A 10 kg object is in limiting equilibrium on a slope inclined at \(30^\circ\).

Example diagram

Find the coefficient of friction between the object and the plane.
Find the magnitude of the forces experienced by the object at right angles to and parallel to the plane. (Take g = 9.8m/s² )

1) Find the coefficient of friction

Resolving forces diagram

The object is in limiting equilibrium, so

\[ Mg\sin\theta = \mu Mg\cos\theta \] \[ 10g\sin30^\circ = 10\mu g\cos30^\circ \] \[ \frac{10g\sin30^\circ}{10g\cos30^\circ} = \mu \] \[ \mu = \tan30^\circ \] \[ \mu = \frac{1}{\sqrt{3}} \]

2) Forces perpendicular and parallel to the plane

\[ R = Mg\cos\theta \] \[ = 10g\cos30^\circ \] \[ = 10g\,\frac{\sqrt{3}}{2} \] \[ = 5g\sqrt{3}\ \text{N} \] \[ \approx 84.9\ \text{N}\ (1\text{ d.p.}) \]

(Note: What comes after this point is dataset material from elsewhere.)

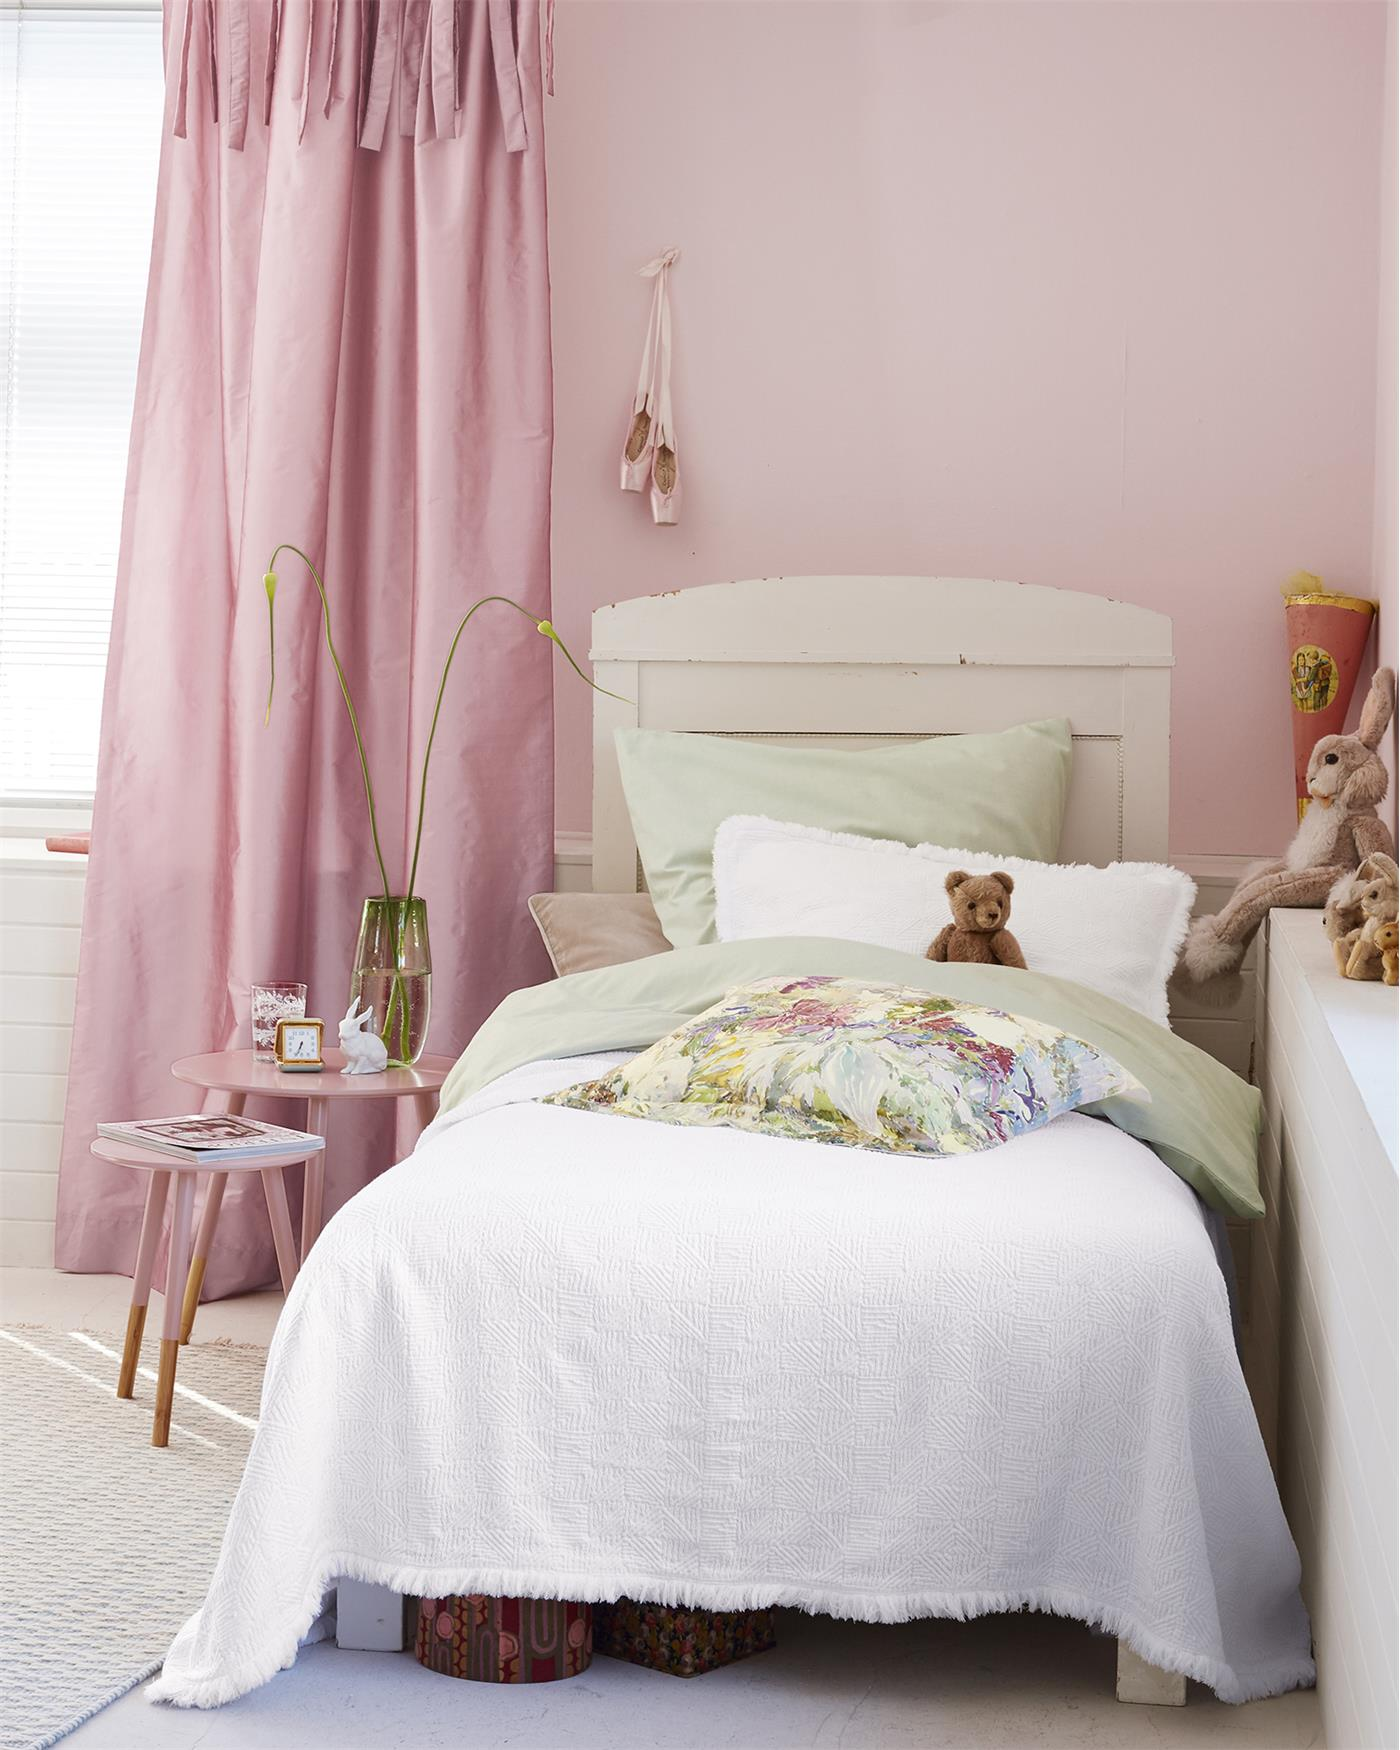 piqu decke mit fransen. Black Bedroom Furniture Sets. Home Design Ideas

\[ F = \mu R \] \[ = \frac{1}{\sqrt{3}} \times 5g\sqrt{3} \] \[ = 5g \] \[ = 49\ \text{N} \]

Alternative Method

\[ F = \mu R \] \[ = \mu\,Mg\cos\theta \] \[ = \frac{1}{\sqrt{3}} \times 10g\cos30^\circ \] \[ = \frac{1}{\sqrt{3}} \times 10g\,\frac{\sqrt{3}}{2} \] \[ = 5g \] \[ = 49\ \text{N} \]

Example

An object of mass 1kg is placed on an inclined slope of 35° to the horizontal as shown:

Example diagram 2

Applying a force of 3N up the slope and parallel to the plane puts the object in limiting equilibrium. What is the coefficient of friction ? (Take g = 9.8m/s² )

Resolving forces diagram

\[ \begin{aligned} 3 + F &= Mg\sin\theta \\ F &= Mg\sin\theta - 3 \\ F &= g\sin35^\circ - 3 \end{aligned} \]

\[ \text{but } F = \mu R = \mu Mg\cos\theta \]

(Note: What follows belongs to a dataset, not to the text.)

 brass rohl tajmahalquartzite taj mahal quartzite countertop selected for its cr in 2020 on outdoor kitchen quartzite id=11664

\[ \begin{aligned} \mu g\cos35^\circ &= g\sin35^\circ - 3 \\ \mu &= \frac{g\sin35^\circ - 3}{g\cos35^\circ} \\ \mu &= 0.33\ (2\text{ d.p.}) \end{aligned} \]

Example

A block starts from rest and slides straight down a slope inclined at an angle θ to the horizontal, where sin θ = 0.25 and the coefficient of friction between the block and the slope is 0·125.

Find the speed of the block after it has travelled 5 metres.

Given sinθ=0.25

Trig diagram for sin theta

The block starts from rest: \(u = 0\).

Speed is the magnitude of velocity.

Speed calculation diagram

\[ F_{\parallel} = mg\sin\theta - \mu R \] \[ R = mg\cos\theta \]

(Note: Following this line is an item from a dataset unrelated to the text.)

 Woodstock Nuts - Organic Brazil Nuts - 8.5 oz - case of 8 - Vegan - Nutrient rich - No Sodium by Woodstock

\[ F_{\parallel} = mg\sin\theta - \mu mg\cos\theta \]

But

\[ \begin{aligned} F &= ma \\ F &= mg\sin\theta - \mu mg\cos\theta \end{aligned} \]

\[ \begin{aligned} ma &= mg\sin\theta - \mu mg\cos\theta \\ a &= g\sin\theta - \mu g\cos\theta \end{aligned} \]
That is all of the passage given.